Just over two weeks after their previous contract expired, the largest union representing municipal workers in the City of Philadelphia agreed on a new four-year contract. Avoiding the controversies that often attend the renegotiation of pension contributions, the deal found workers agreeing to a compromise system of tiers in which higher-paid employees contribute more to the retirement fund. All workers will receive a raise compounding to 12% over the life of the contract, far exceeding the recent average increase in similar public sector negotiations.
Moving quickly to address the potential trade consequences of Brexit, new British Prime Minister Theresa May began negotiations this week on fresh deals with the United States and Australia. While a member of the European Union, the United Kingdom had been prevented from signing separate agreements. Despite trade and its impact on workers being a divisive issue within both campaigns in the American presidential race, Republicans in Congress have already begun to pressure to the Obama administration to move quickly to avoid disruptions in the economic relationship between the two countries.
Donald Trump has selected Indiana Governor Mike Pence as his vice-president. Unions are unlikely to be happy with the choice. Pence’s administration successfully defended in court Indiana’s right-to-work law, passed by Pence’s predecessor. Pence also repealed the state’s common wage for construction projects. But Pence departs from Trump’s views on one of the issues dearest to Trump. Pence supports the TPP. In fact, as governor Pence urged Indiana’s members of Congress to support “fast-track” trade negotiation authority for President Obama. Pence’s record shows his commitment to free trade in other contexts. Before he became governor, Pence was a member of Congress, where he voted for every free trade agreement that came before him.
The House Appropriations Committee spent Wednesday and Thursday marking up the labor and health spending bill that emerged from subcommittee. The House bill includes provisions that block many major NLRB or Labor Department rulings of the past few years, including the DOL’s new overtime rule, the DOL’s new fiduciary rule, the NLRB’s new joint employer standard, and the NLRB’s rule to speed up union elections. It also seeks to allow H-2B visa employers to use their own private wage surveys to determine the prevailing wage they must pay workers.

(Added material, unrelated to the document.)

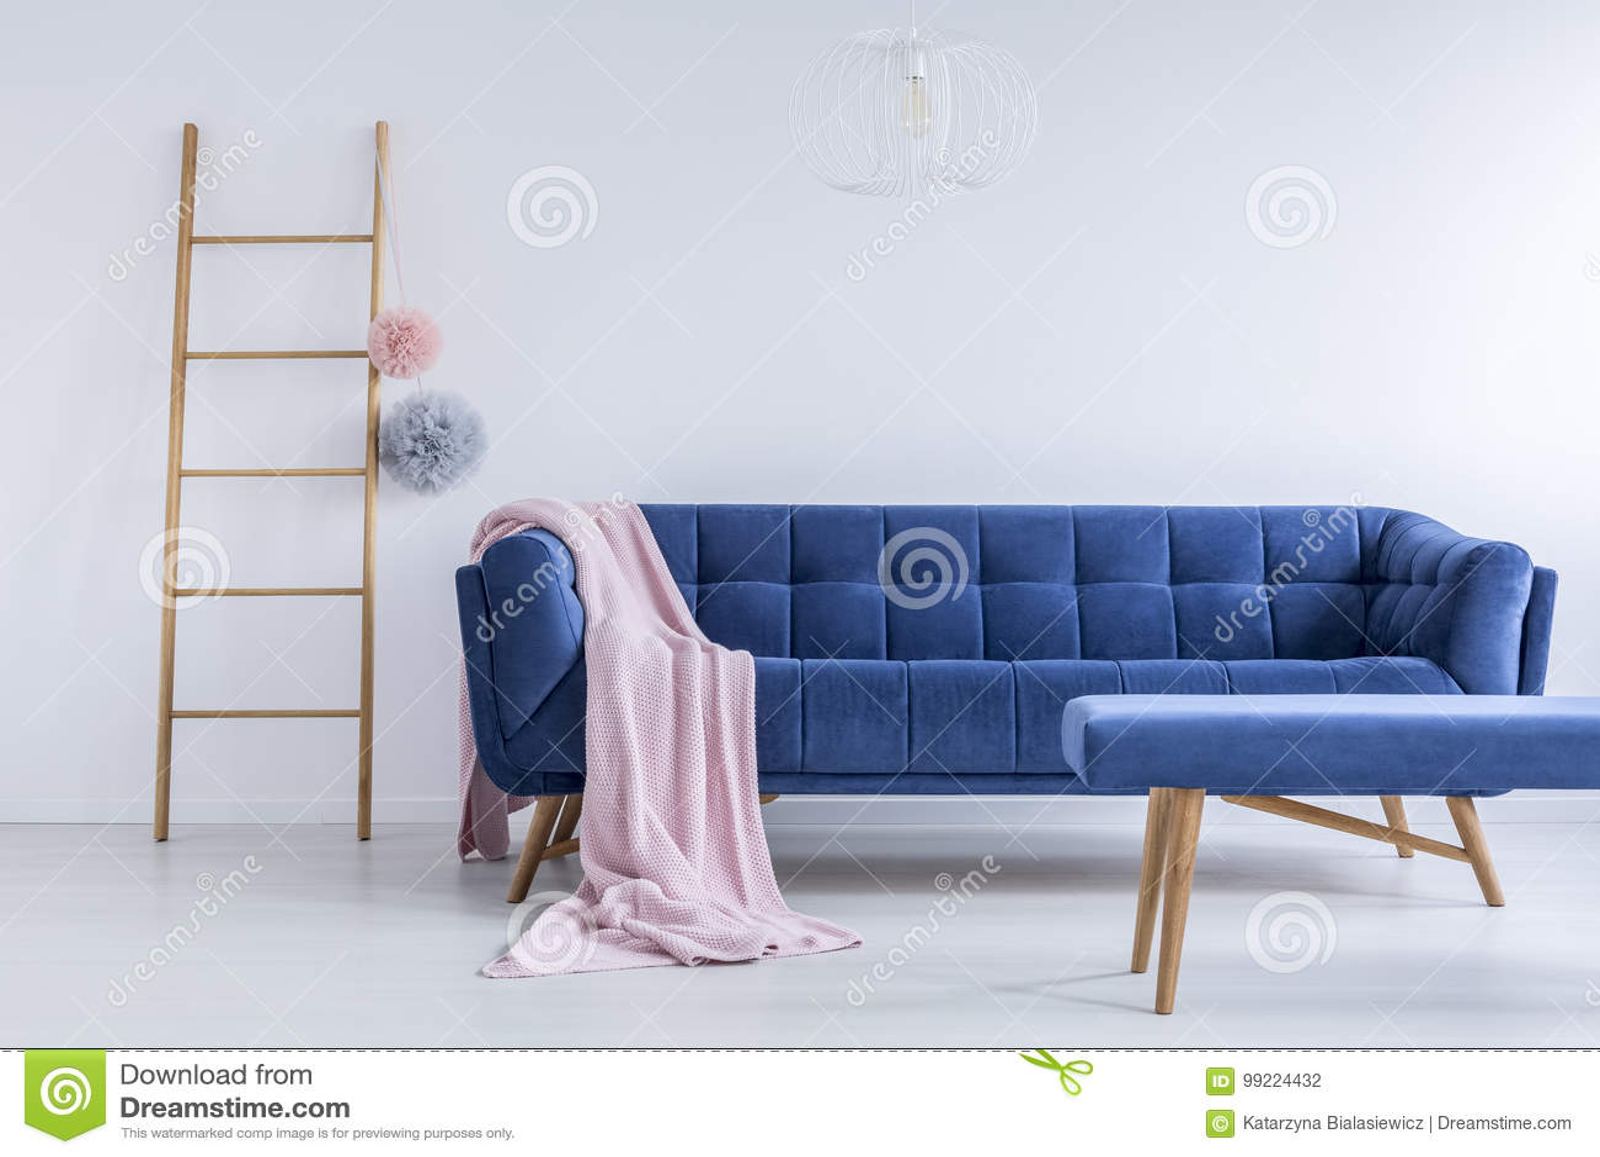 https://thumbs.dreamstime.com/z/ladder-en-marineblauwe-bank-99224432.jpg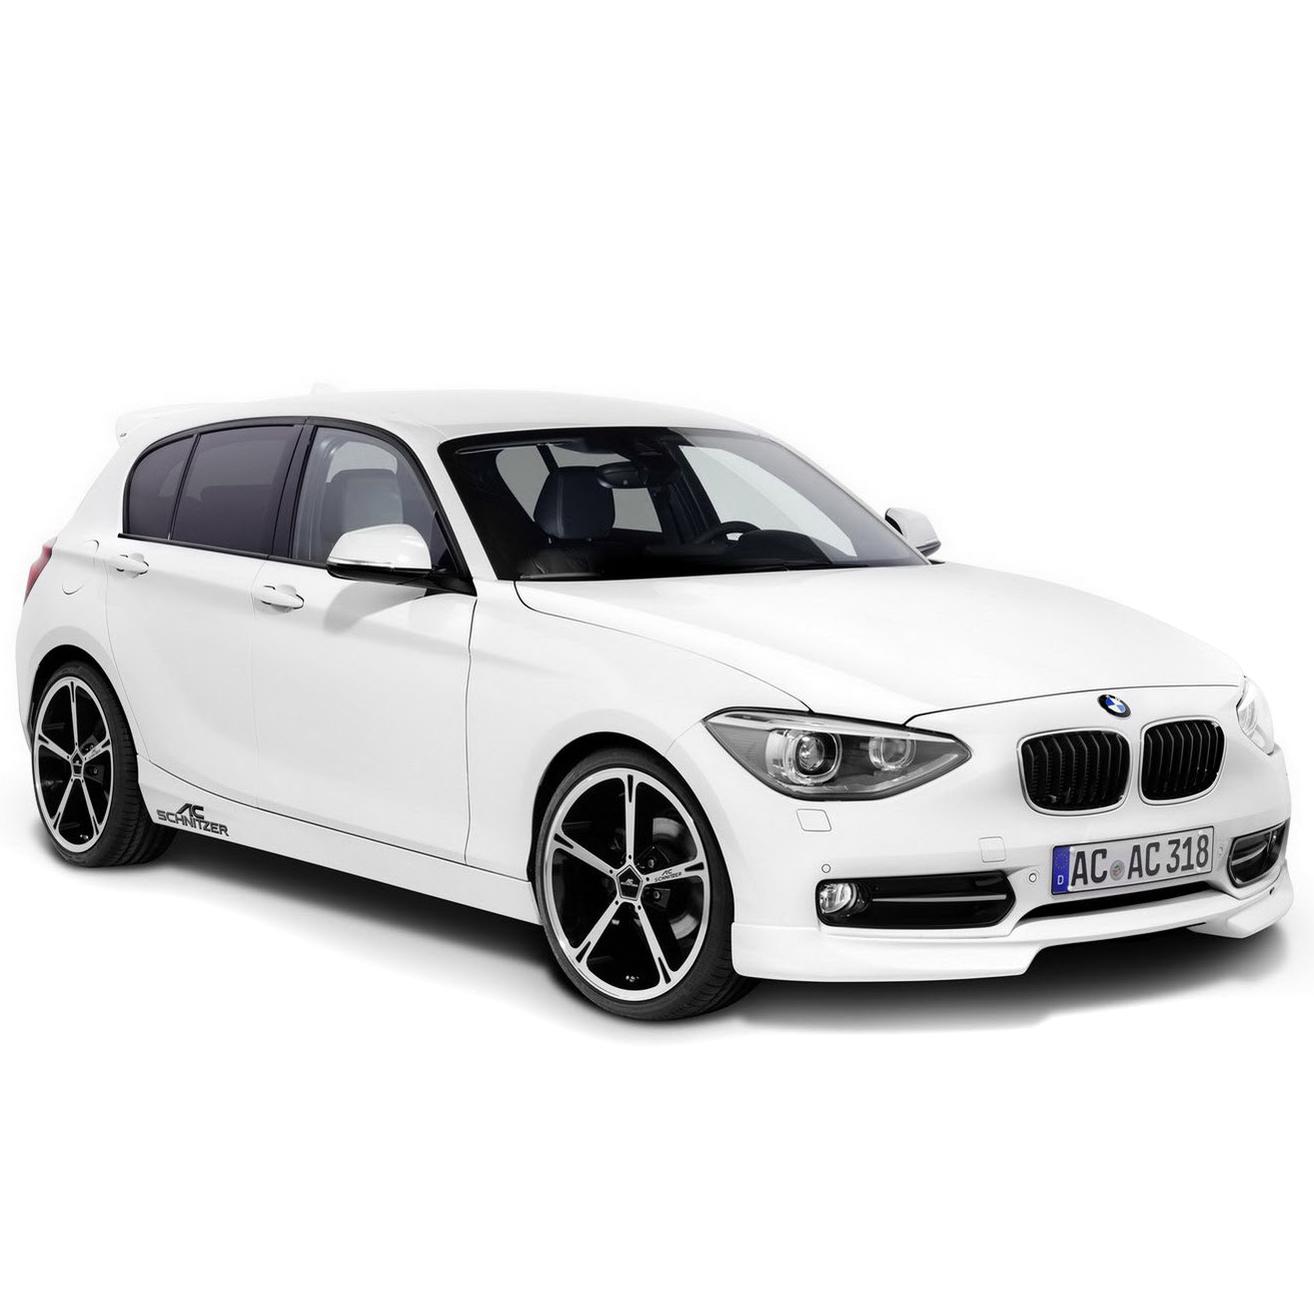 BMW 1 Series Car Mats (All Models)

The NLRB will begin reporting allegations of labor law violations by government contractors to a federal database, pursuant to President Obama’s Fair Pay and Safe Workplaces Executive Order 13673, signed on July 31, 2014. The NLRB will not report just any unfair labor practice charge however; it will only consider the allegations of a NLRB regional director. The NLRB also will not report the charge if the employer settles the case before the issuance of a complaint. Contracting agencies will use the federal database to assess a contractor’s eligibility to bid on new contracts or to continue work on future contracts valued at more than $500,000.